Which one of the following is NOT a negative-resistance microwave device?

Difficulty: Easy

Correct Answer: Varactor diode

Explanation:


Introduction:
Negative-resistance devices can sustain oscillations or provide gain by exhibiting a region where current decreases as voltage increases. Identifying which devices exhibit negative resistance is foundational in microwave electronics.


Given Data / Assumptions:

  • Candidate devices: Gunn, Tunnel, IMPATT, Varactor diodes
  • Context: microwave generation/amplification vs reactive tuning


Concept / Approach:
Gunn and IMPATT diodes are classic negative-resistance sources for microwave oscillators and amplifiers. Tunnel diodes exhibit negative differential resistance due to quantum tunneling in their I–V curve. Varactors, by contrast, are voltage-dependent capacitors used for tuning and frequency multiplication; they do not operate via negative resistance in normal use.


Step-by-Step Reasoning:

1) Gunn diode: transferred-electron effect → negative resistance (true).2) Tunnel diode: tunneling peak and valley currents → negative differential resistance (true).3) IMPATT diode: impact ionization and transit-time effects → negative resistance at microwave frequencies (true).4) Varactor diode: provides nonlinear capacitance, not negative resistance (not a negative-resistance device).
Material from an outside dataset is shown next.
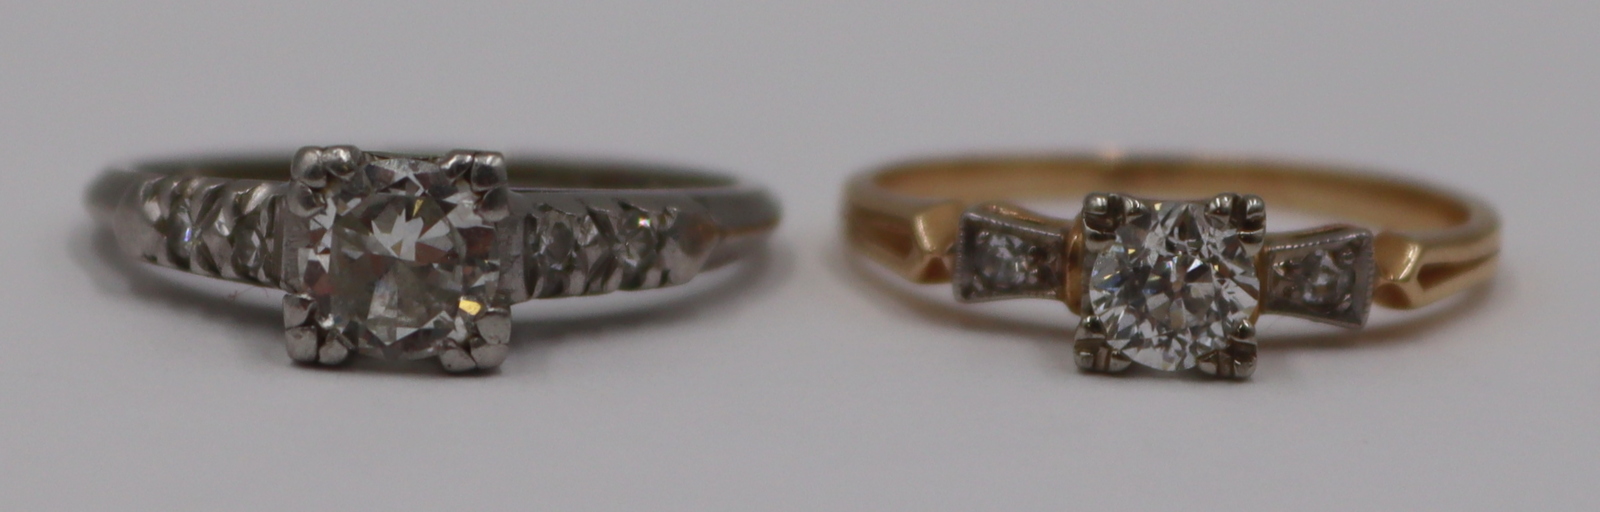 JEWELRY 2 PLATINUM AND 14KT 3bcc28

Verification / Alternative check:
Small-signal models: varactor shows C(V) with series R but no negative-resistance region; others have negative differential resistance ranges.


Why Other Options Are Wrong:

  • A/B/C: Each is a well-known negative-resistance device used for oscillation/amplification.


Common Pitfalls:
Equating nonlinearity with negative resistance; assuming all “special diodes” share the same property.